Life On Bramblewood Farm
Gathering In
There is a stillness that comes with autumn. This is my first as a farmer, and I feel it more keenly than ever. The rush of summer, with the daily urgency of feeding, fixing, tending, and moving, gives way to something slower and more deliberate.
The animals seem to know this.
The pigs spend more time in their huts together, buried in straw. The hens roam less and roost earlier; even the turkeys, despite their curiosity, take a few extra seconds to stir from their tightly meshed roosts when I approach, reluctant to disturb the calm and comfort of their huddle.

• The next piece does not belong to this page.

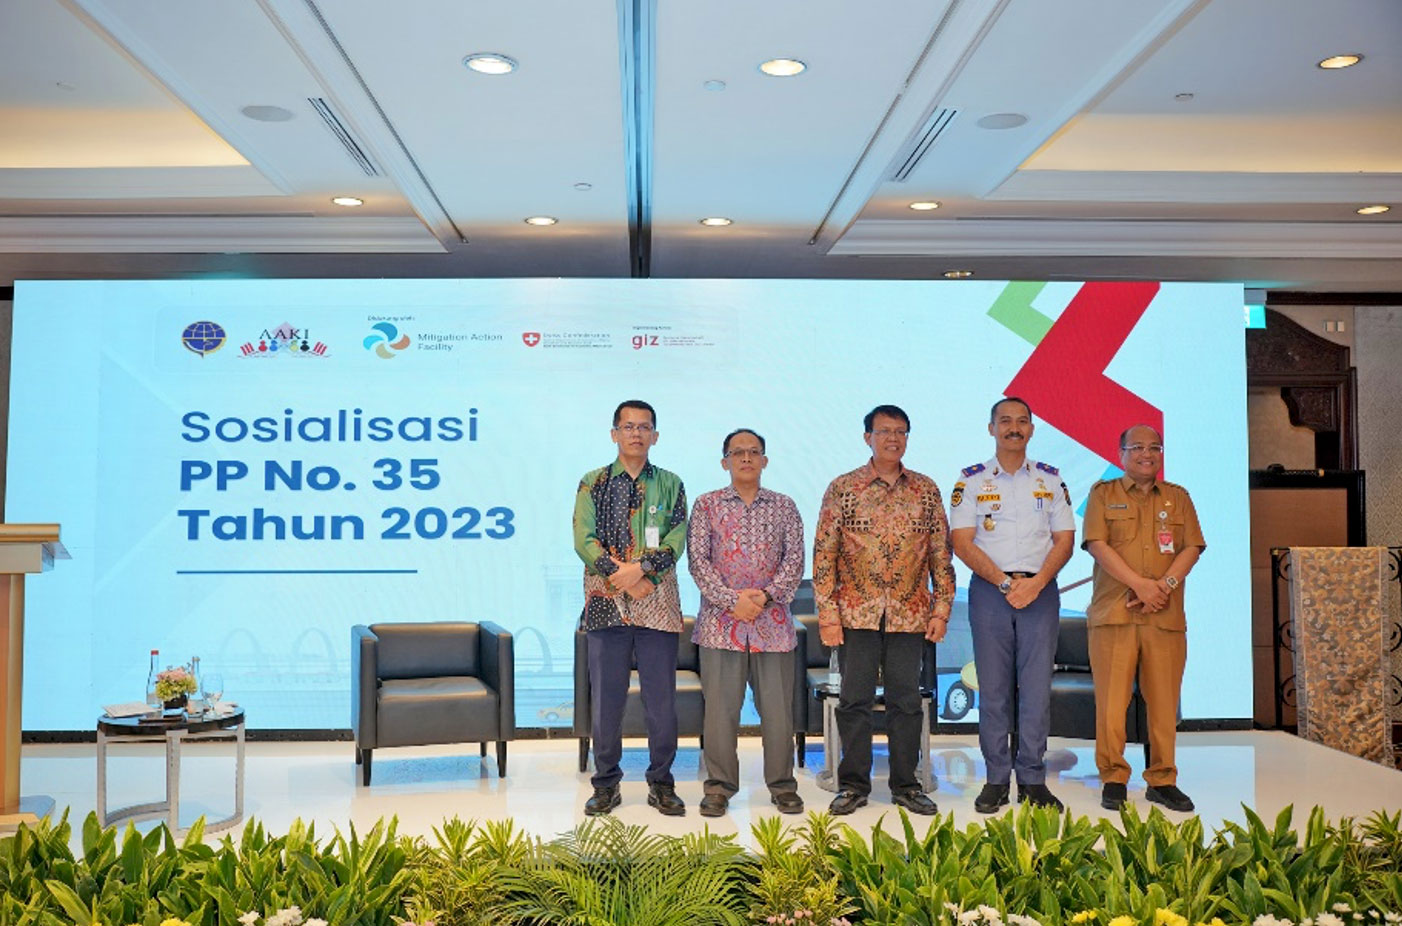 Left to Right: Ministry of Transportation, Ministry of National Development Planning, Asosiasi Analis Kebijakan Indonesia (AAKI), Pekanbaru Transportation Agency, and Ministry of Home Affairs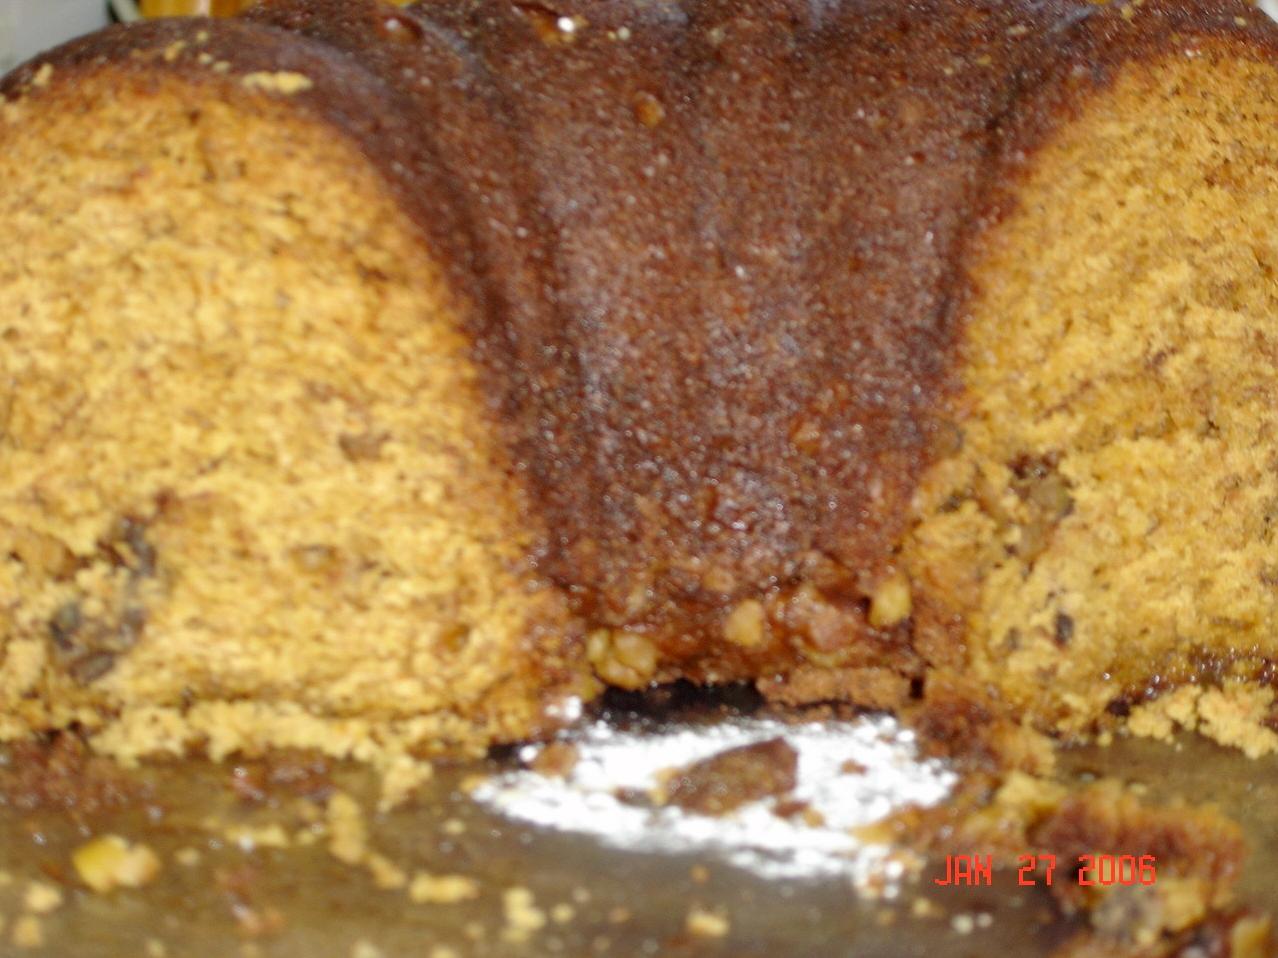  Wake up and smell the delicious aroma of Shoo-Fly Coffee Cake.

For me, this first autumn brings a quiet reckoning for lessons that only reveal themselves once their impact has been felt. A feeder design that didn’t quite work and wasted nearly a tonne of feed; a paddock rotation arranged for convenience that led to illness and losses; and trying to move too fast, threatening to outrun my own headlights. After our third farm tour this weekend, where I shared some of these failures with visitors, I found myself reflecting on how often we carry the weight of failure without considering its purpose. We think endlessly of what we should have done and how we might have prevented it, and in doing so, we often berate ourselves far more harshly than we ever would another.
But something changes when you share those failures with others. When you show your anxiety, regret, and vulnerability. It could be with a neighbour, a friend, or thirty perfect strangers on a farm tour, but when you do, you realise how universal our uncertainties are, how human it is to err. Everyone has their own inner struggle, their own quiet fear of not quite measuring up. And when those moments of honesty are met not with criticism but with understanding or even a simple nod or smile of recognition, something inside softens. In that moment, I watched those thirty strangers become sympathetic friends, and I saw the flicker of a small, unexpected community.
Ours is an individualist culture, and it places each of our tiny selves at the centre of a very large universe, where we must fight to hold our space and see the world through a lens of ‘me’. It’s a heavy burden, and life can quickly feel lonely and overwhelming. I take comfort in knowing that there are more organisms living in a teaspoon of healthy soil than there are human beings on the planet. It reminds me that we’re just a small part of an infinitely complex pattern of life, utterly dependent on countless organisms we’ll never see. The air we breathe depends on plants that turn sunlight into oxygen, and about a kilogram of our own body weight belongs to the microbes that digest our food and regulate our mood.
When you think of it that way, it’s not such a leap to accept that we are also interdependent on one another. When we allow ourselves to be vulnerable, our families and communities help to carry the burden of our imperfections and steady us, just as we do for them, in a common recognition that we’re all just learning as we go.
So perhaps the season is inviting us to slow down a little, to forgive ourselves more readily, and to reach out to others and help them to do the same. Not through grand gestures, but in small ways: a few minutes for a conversation instead of rushing past, a meal prepared with love and care, a moment of patience and understanding instead of advice or judgement. Because in the end, we need one another.
The animals know this.
I see the pigs snuggling together more tightly and the birds roosting closer and longer, not just for warmth, but for the comfort in a dark night shared with a trusted companion. Renewal always begins in the quiet places, long before the first green shoots or the growth we all crave. It starts with us letting go of what needs to be shed and allowing ourselves to find comfort in sharing our imperfect selves with others. And then, beneath the frost, in the darkness of the soil, away from the glare of the world and all the demands that brings, our roots can rest, and gather their strength for the spring to come.